All sequences were analyzed with Webcutter 2.0 to detect restriction sites that conflict with the BioBrick assembly standard RFC [10] and primers were designed for use with QuikChange™ Site-Directed Mutagenesis Kit to remove illegal sites. It was decided at this stage that for the DSF system, homologues of all sequences would be taken from Xanthomonas campestris cv. campestris would be used as they have identical functions but contain fewer illegal restriction sites.
Week 1
The team are all together! Work begins… We began organizing our raw materials, setting up overnight cultures of our vectors (pSB1C3 for BioBricks, and our supervisor’s own pUniprom for experiments) and obtaining gDNA from P.aeruginosa, X.campestris and B.cenocepacia from generous lab members. By the end of the week we had cloned PqsR and PpqsABCD into pSB1C3, phew! As for the dry-lab, the first week consisted mostly of reading papers and harassing Gillian, our mathematical biologist, for definitions of all the bio-jargon. In fact, most of our early discussions about modelling our systems consisted of furrowed brows from both sides and questions such as “a differential what?” and “Uhhh, transcriptional whatnow?”
Week 2
In order to test our systems we decided to cone them into pUniprom, a high copy-number plasmid with a large and varied multiple cloning site downstream of a strong, constitutive promoter: Ptat. In order to arrange our sequences in such a way that there would be no leakage of our reporter (see above), we had to employ a bit of cloning trickery by inserting our sensing and responding fragments in opposite orientations. This involved cloning them into separate fragments and then flipping them round into pUniprom. To the bench! Now that the plan for the plasmid was in place, we began to enter all the information onto Netlogo to model how the system would behave in the presence of different amounts of PQS.
Week 3
Time to start on the DSF system. We decided to use GFP rather than mCherry from this point onwards as we already have antibodies against it for blotting later. Because the DSF system acts via a reduction in cellular levels of the 2nd messenger c-di-GMP (SEE BIOLOGY PAGE), we thought it best to include a diguanylate cyclase, YdeH, in the system to replenish this important molecule afterwards. So now the DSF system has four sensory components!
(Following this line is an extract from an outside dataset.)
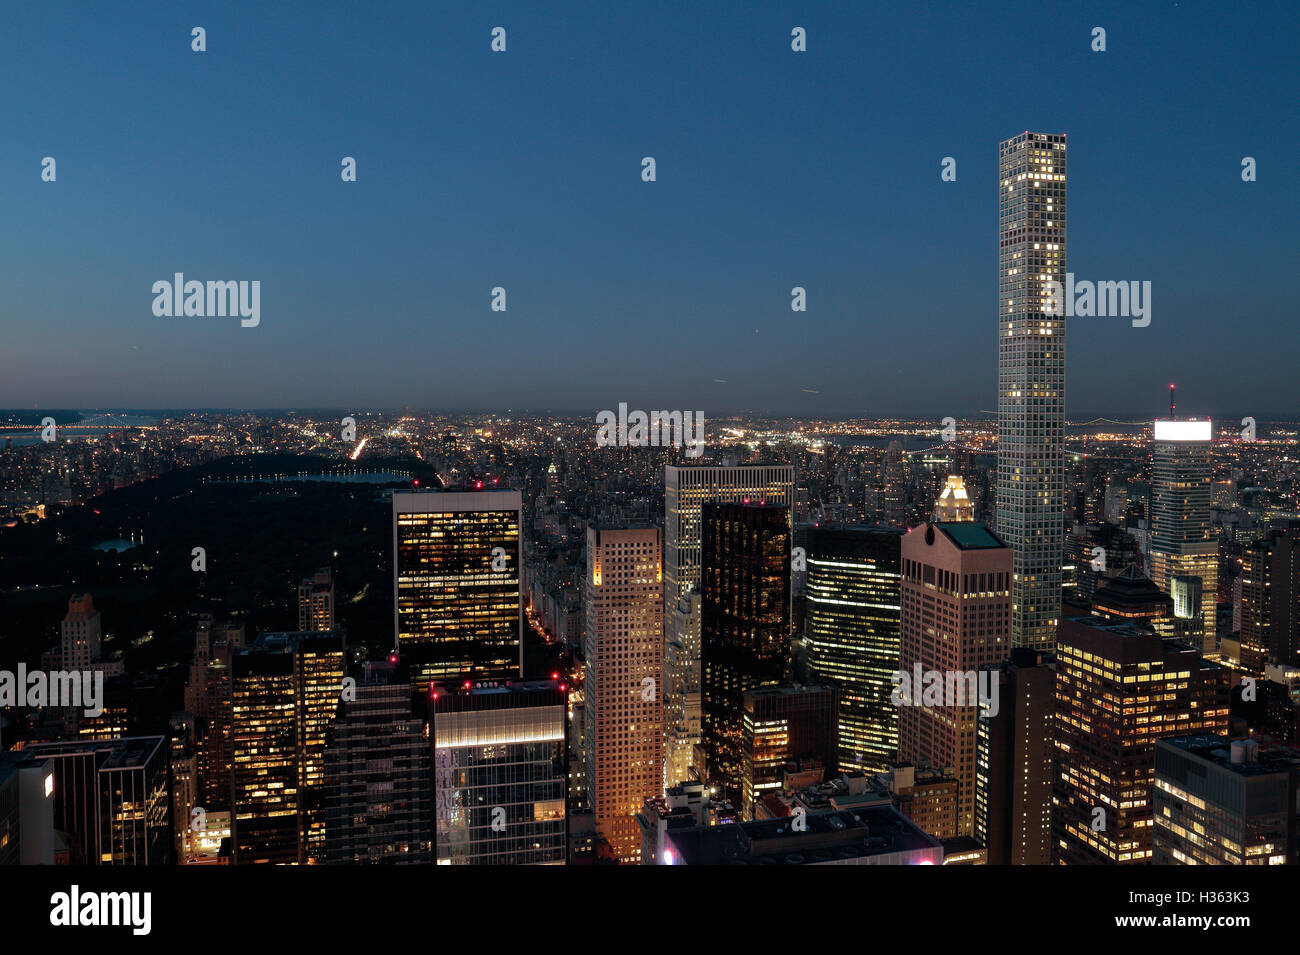 Am frühen Abend aus der Vogelperspektive in Richtung Central Park in Manhattan, New York City, New York, Vereinigte Staaten (August 2016). Stockfoto

This posed a bit of a problem for cloning as we thought we would need to use more restriction enzymes than we had access to. The solution? Order primers that include a 5’ BglII site and 3’ BamHI-XbaI sites. This way, fragments can be cloned in sequentially with each new insert cut with BglII-XbaI and the ever-growing vector cut with BamHI-XbaI as the BglII and BamHI overhangs are complementary but upon ligation leave a scar that is not recognized by either enzyme (see below). The 3’ BamHI-XbaI site allows this process to be repeated indefinitely. Woo, idempotency!
Week 4
A week of sequencing… We have a sequencing service downstairs from the lab who kindly gave us 100 free sequencing runs (which we quickly exceeded!) so after every cloning step we sent a sample to be sequenced – the results were a source of merriment and heartbreak in equal measure…it turned out that our 1st clone (PQS system from week 1) wasn’t quite right. So began Dimitrios’ epic journey into the world of BioBricks! We also began the lengthy task of quick-changing out all the illegal restriction sites from the fragments bound for BioBricking. So it turned out that, after a bit more sifting through papers, the Netlogo model for PQS was not quite right. While we figured that out we began to calculate the ordinary differential equations for the same system.